How to learn Integrating Custom Transformers for ML Frameworks in Machine Learning Engineer for free

Why this matters

Custom transformers let you put your domain logic directly into ML pipelines. That means cleaner training code, consistent preprocessing in production, and easier experimentation.

Automate feature cleaning, encoding, and scaling inside Pipelines.
Ensure the exact same transforms run during training, validation, and inference.
Package domain logic so teammates can reuse it safely.
Measure impact of a transform with cross-validation and model registry workflows.

Who this is for

Machine Learning Engineers who need reproducible preprocessing in pipelines.
Data Scientists turning notebooks into deployable pipelines.
ML Ops engineers standardizing data flows across training and serving.

Prerequisites

Comfortable with Python and NumPy.
Basic experience with at least one ML framework (scikit-learn, PyTorch, or TensorFlow).
Know how to train a simple model and evaluate it.

Concept explained simply

A transformer is a small, reusable component that takes in data and returns transformed data. In scikit-learn, it implements fit (optional) and transform; in PyTorch, it is a callable object used in transforms.Compose; in TensorFlow, it is typically a function used with tf.data or a custom Keras Layer.

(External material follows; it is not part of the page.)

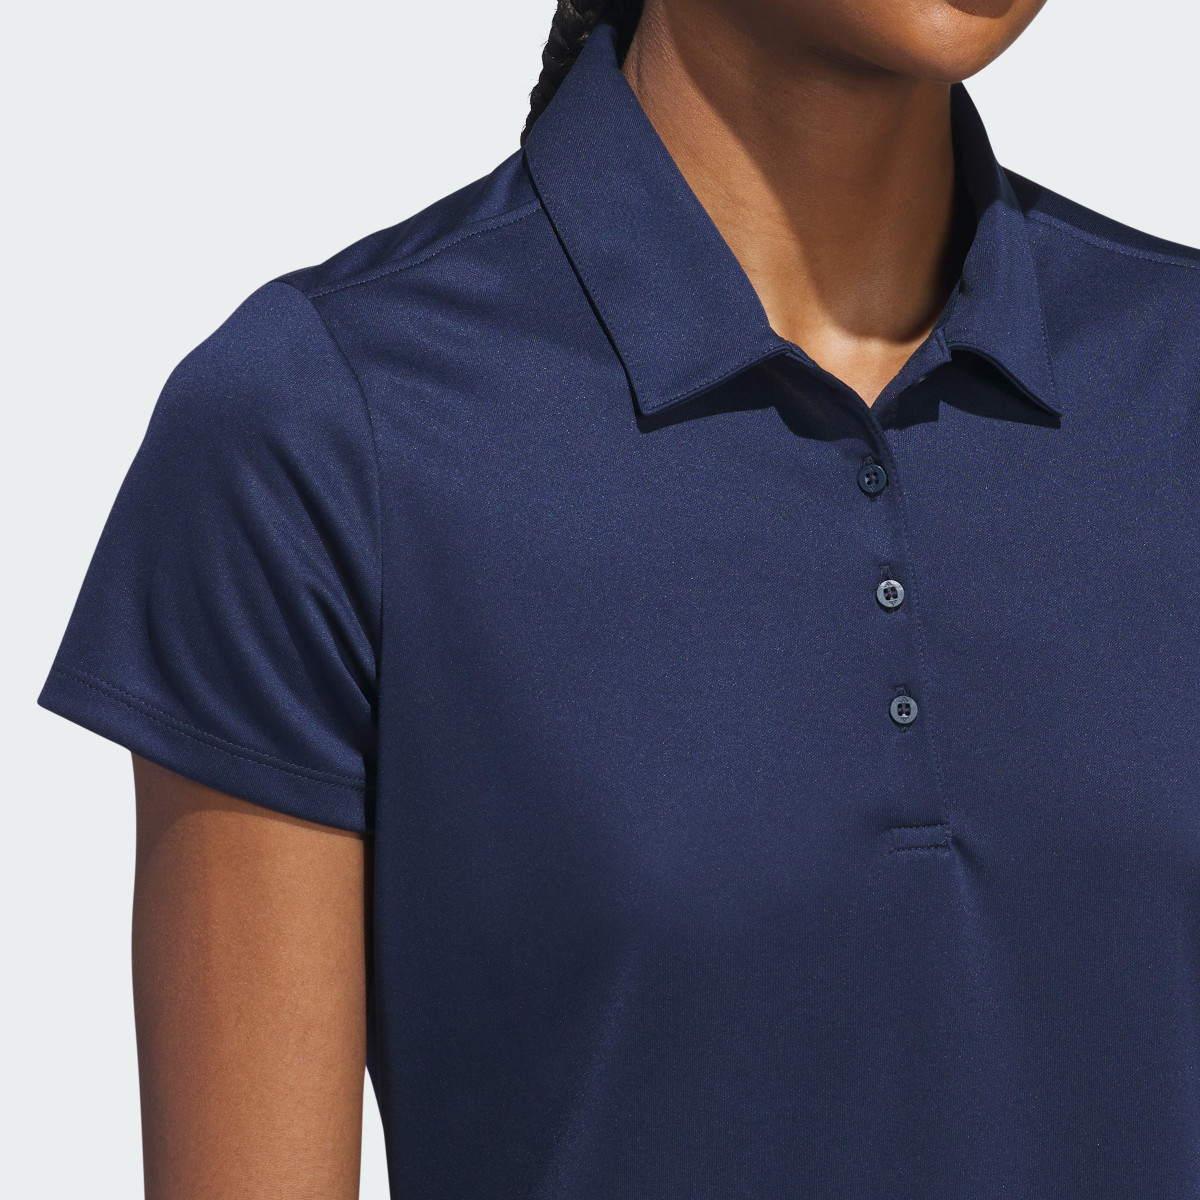 Adidas Women's Solid Performance Short Sleeve Polo Shirt. 6

Deep dive: stateful vs stateless

Stateless: transform does not depend on the dataset (e.g., log1p, clipping). fit just returns self.
Stateful: transform needs learned parameters from data (e.g., computing means, vocabulary). fit stores state, transform uses it.

Mental model

Think of your pipeline as a conveyor belt. Each transformer is a station on the belt. Every station must accept the same number of items coming in as going out (same number of rows) and should clearly label what it produces (feature names or shape). If a station needs to learn something (like the average), it learns during fit and reuses it later without peeking at labels or test data.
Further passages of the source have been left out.